Created attachment 23389 [details] patch mostly by oliver with some bug fixes by me (needs ChangeLog, cleanup)
Created attachment 23406 [details] Fully implemented transition cache, now with a bonus feature: correctness
Comment on attachment 23406 [details] Fully implemented transition cache, now with a bonus feature: correctness Removing review flag, this apparently breaks gmail :-(
Comment on attachment 23406 [details] Fully implemented transition cache, now with a bonus feature: correctness Cameron lied to me, it works fine!
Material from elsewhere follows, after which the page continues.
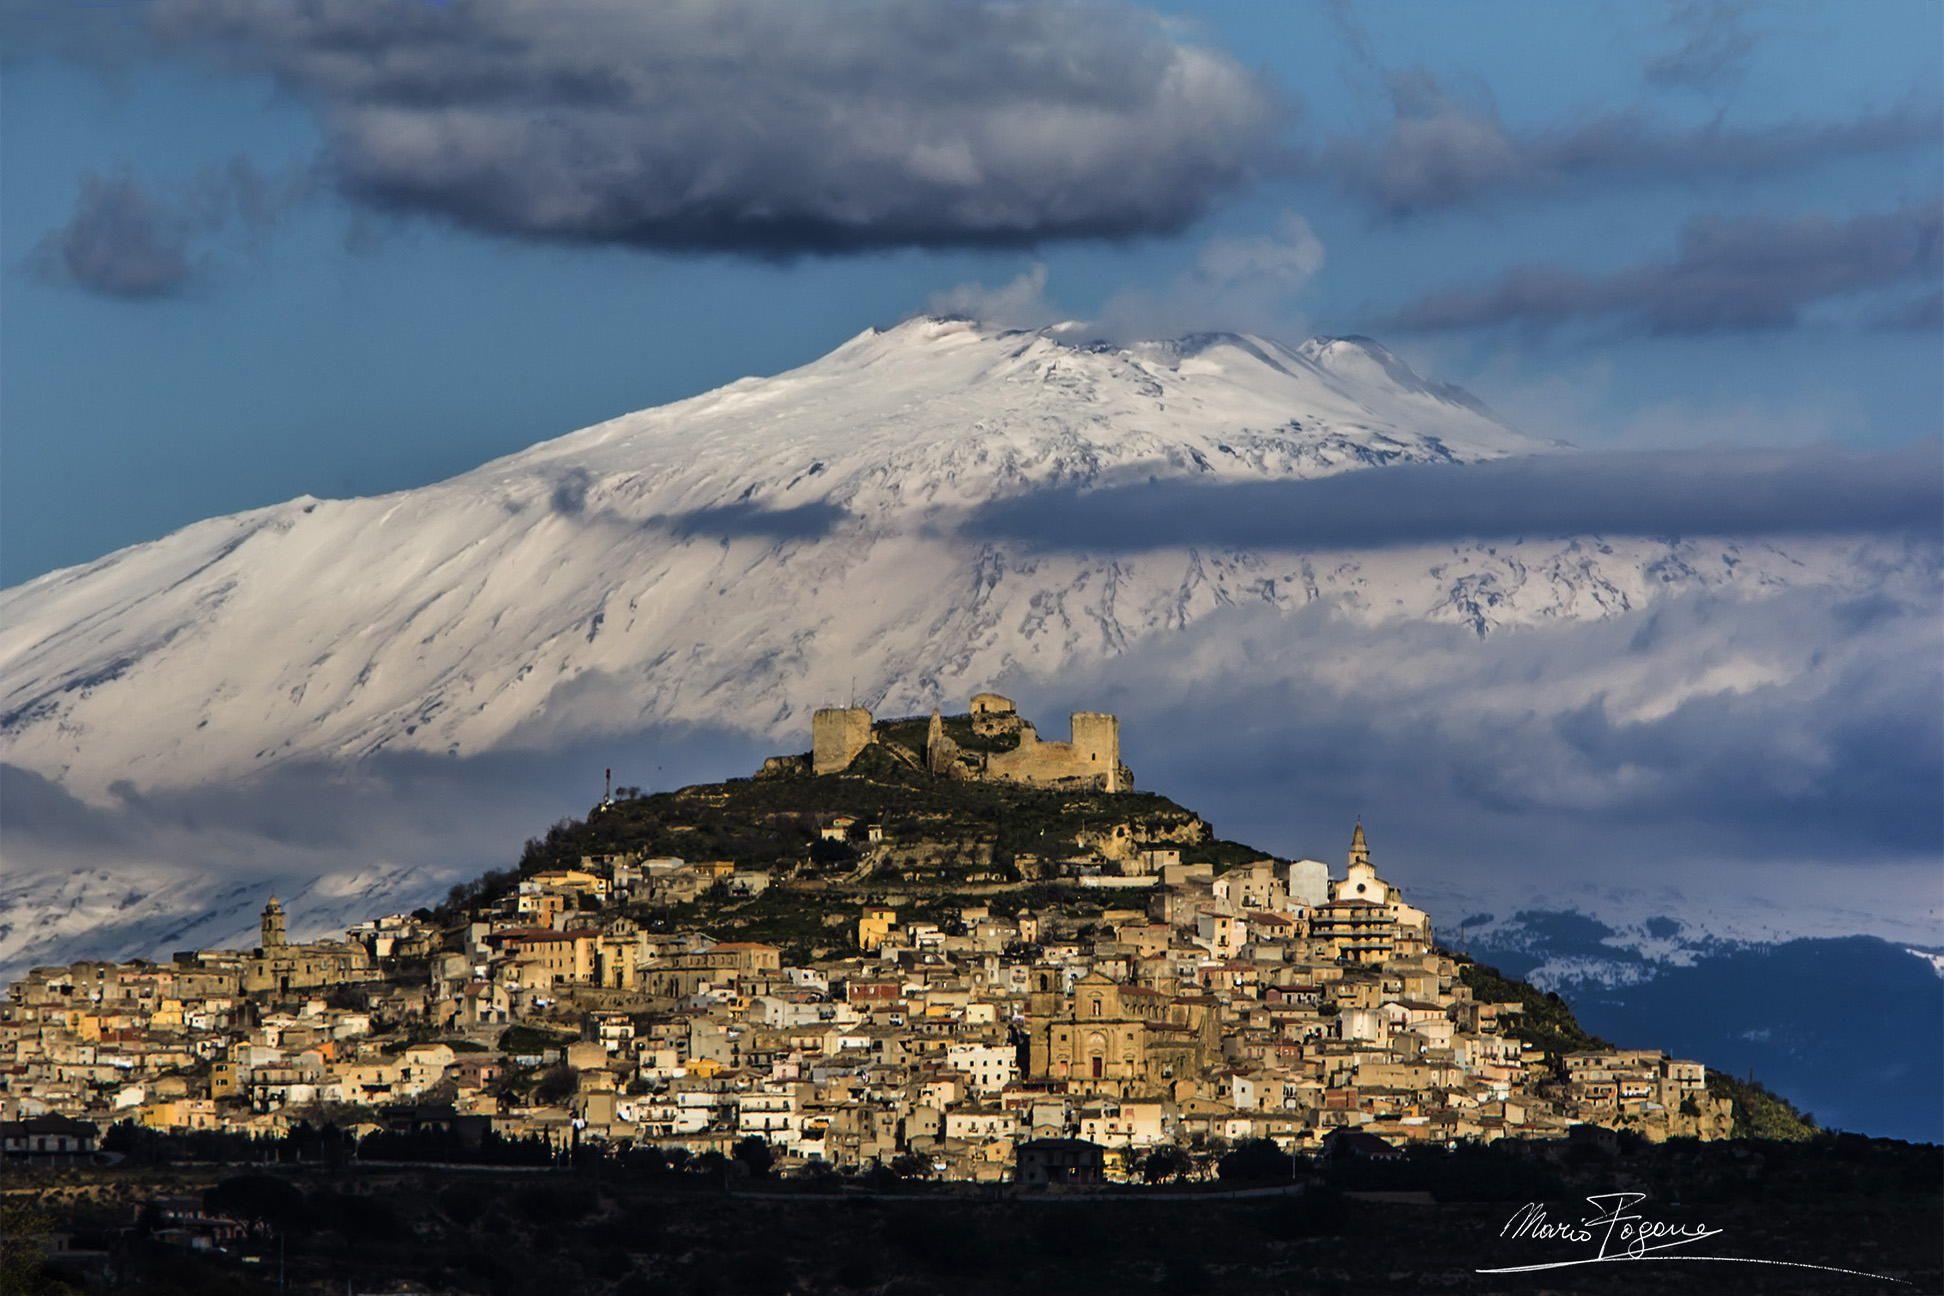 Spettacolare foto di agira e dell 39 etna catania sicilia for Mondo catania

Comment on attachment 23406 [details] Fully implemented transition cache, now with a bonus feature: correctness I think "failuresCases" would probably be better as "failureCases". You have some extra blank lines, like CTI.cpp:1900 and Machine.cpp:2474. Perhaps sIDC would be better as structureIDChain or chain? What do you think? Other than that, r=me.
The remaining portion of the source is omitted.